HOW TO COMPLETE THIS TASK:
The required output is every line from the one containing "Commercio all'ingrosso essiccato" through the last line of the listing below, copied exactly, pictures excluded.

DATASET SECTION:
-=-=-=-=-
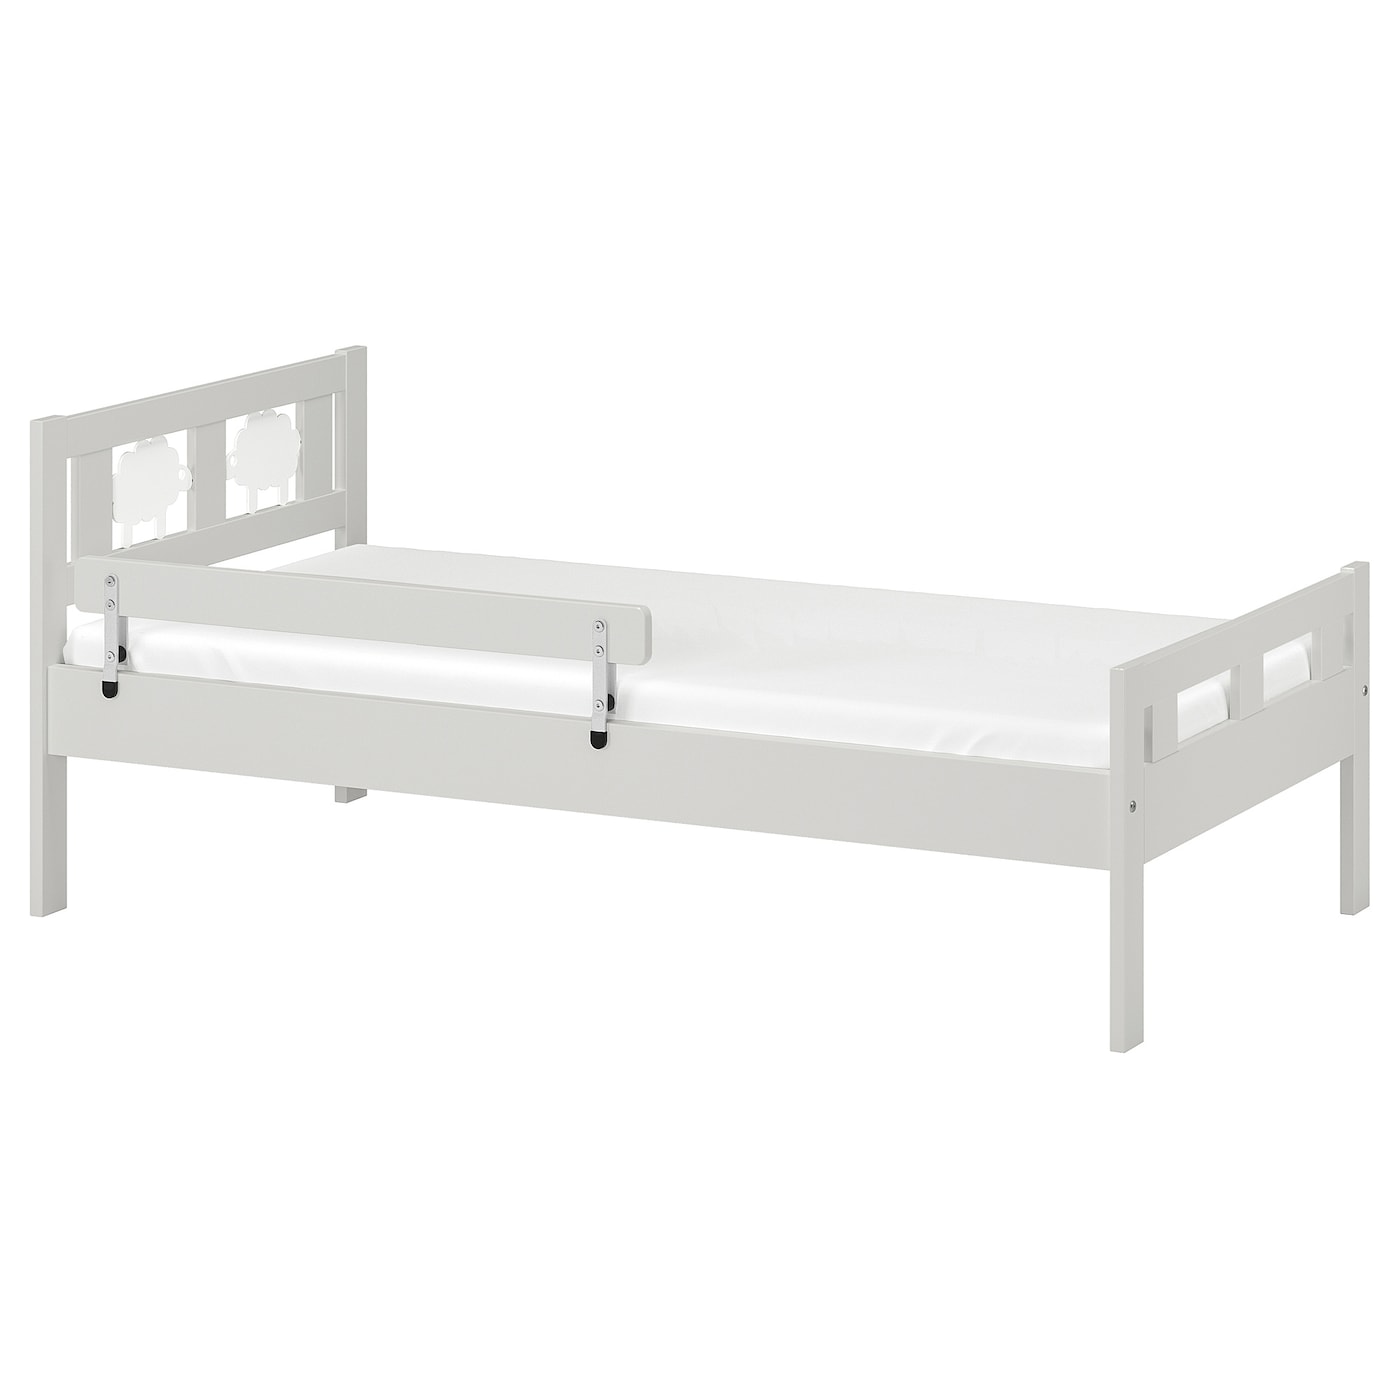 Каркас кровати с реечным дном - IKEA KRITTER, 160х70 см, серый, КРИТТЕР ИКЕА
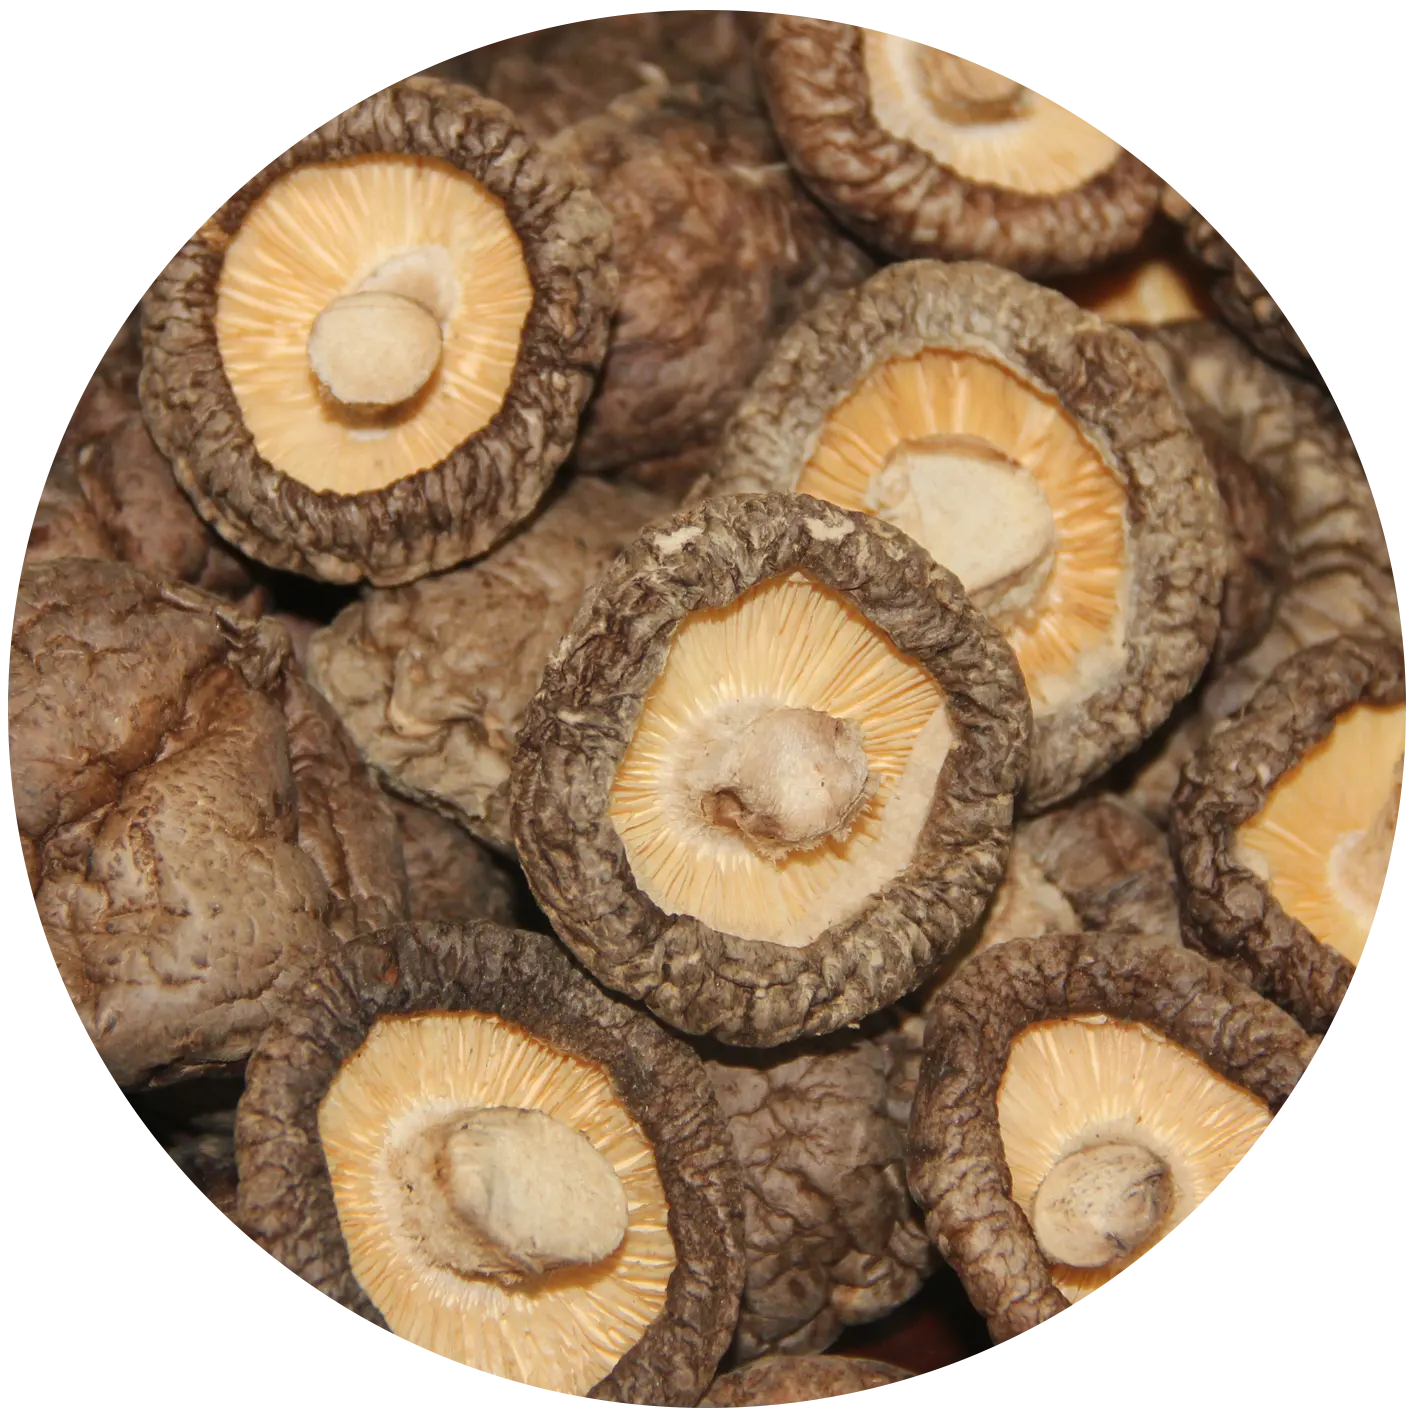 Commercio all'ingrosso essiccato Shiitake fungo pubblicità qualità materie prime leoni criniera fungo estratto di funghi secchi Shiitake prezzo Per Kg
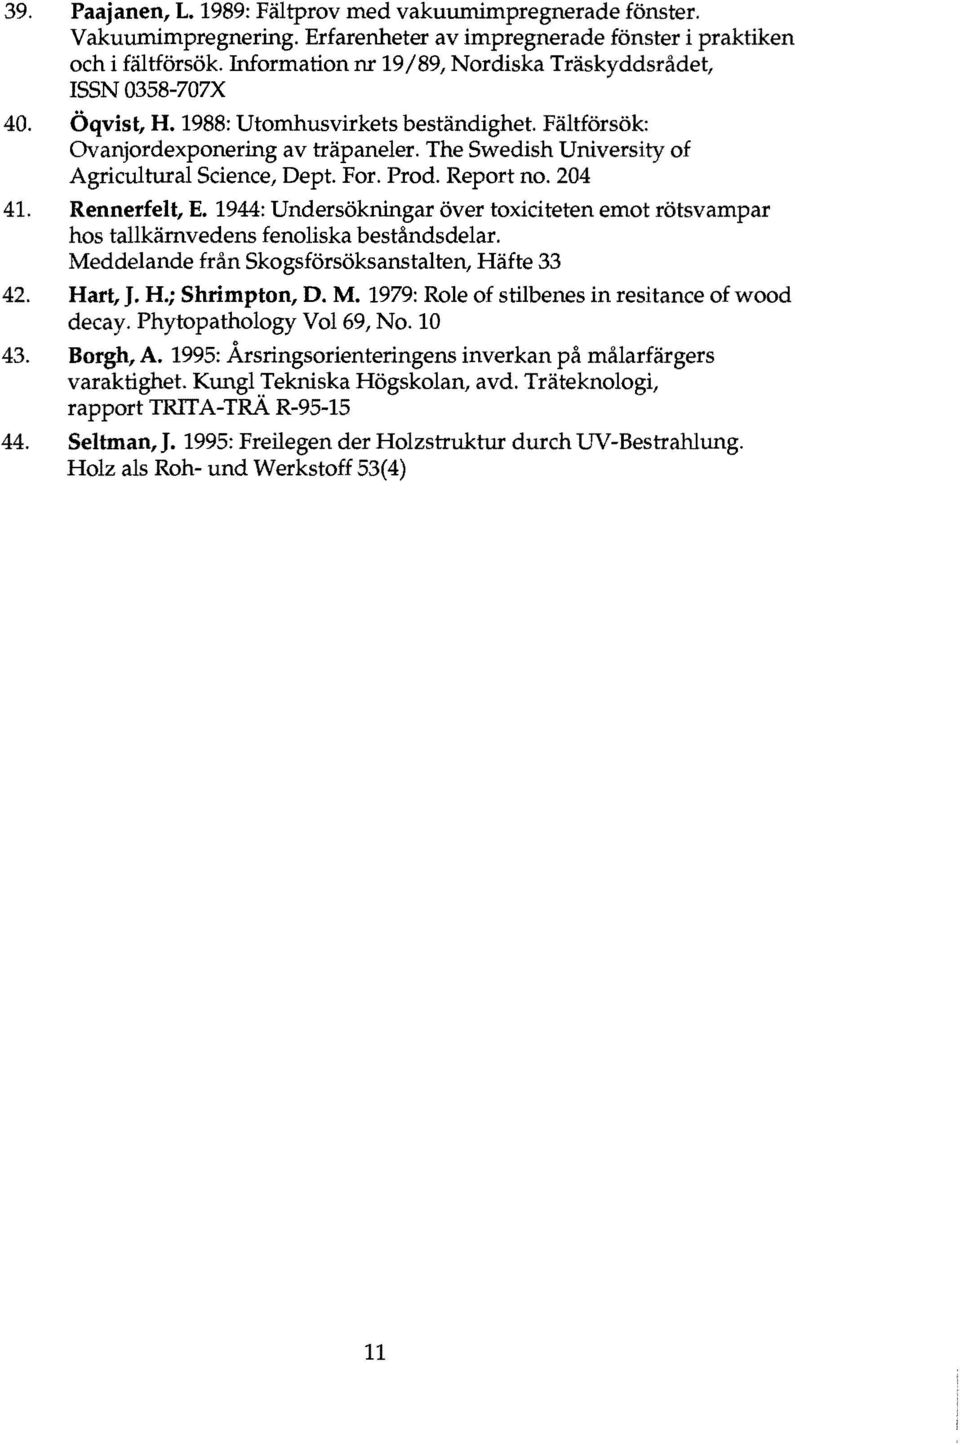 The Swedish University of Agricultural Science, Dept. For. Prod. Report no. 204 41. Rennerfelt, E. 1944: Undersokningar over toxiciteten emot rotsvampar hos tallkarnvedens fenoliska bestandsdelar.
-=-=-=-=-
ANSWER BOX:
 Commercio all'ingrosso essiccato Shiitake fungo pubblicità qualità materie prime leoni criniera fungo estratto di funghi secchi Shiitake prezzo Per Kg
 The Swedish University of Agricultural Science, Dept. For. Prod. Report no. 204 41. Rennerfelt, E. 1944: Undersokningar over toxiciteten emot rotsvampar hos tallkarnvedens fenoliska bestandsdelar.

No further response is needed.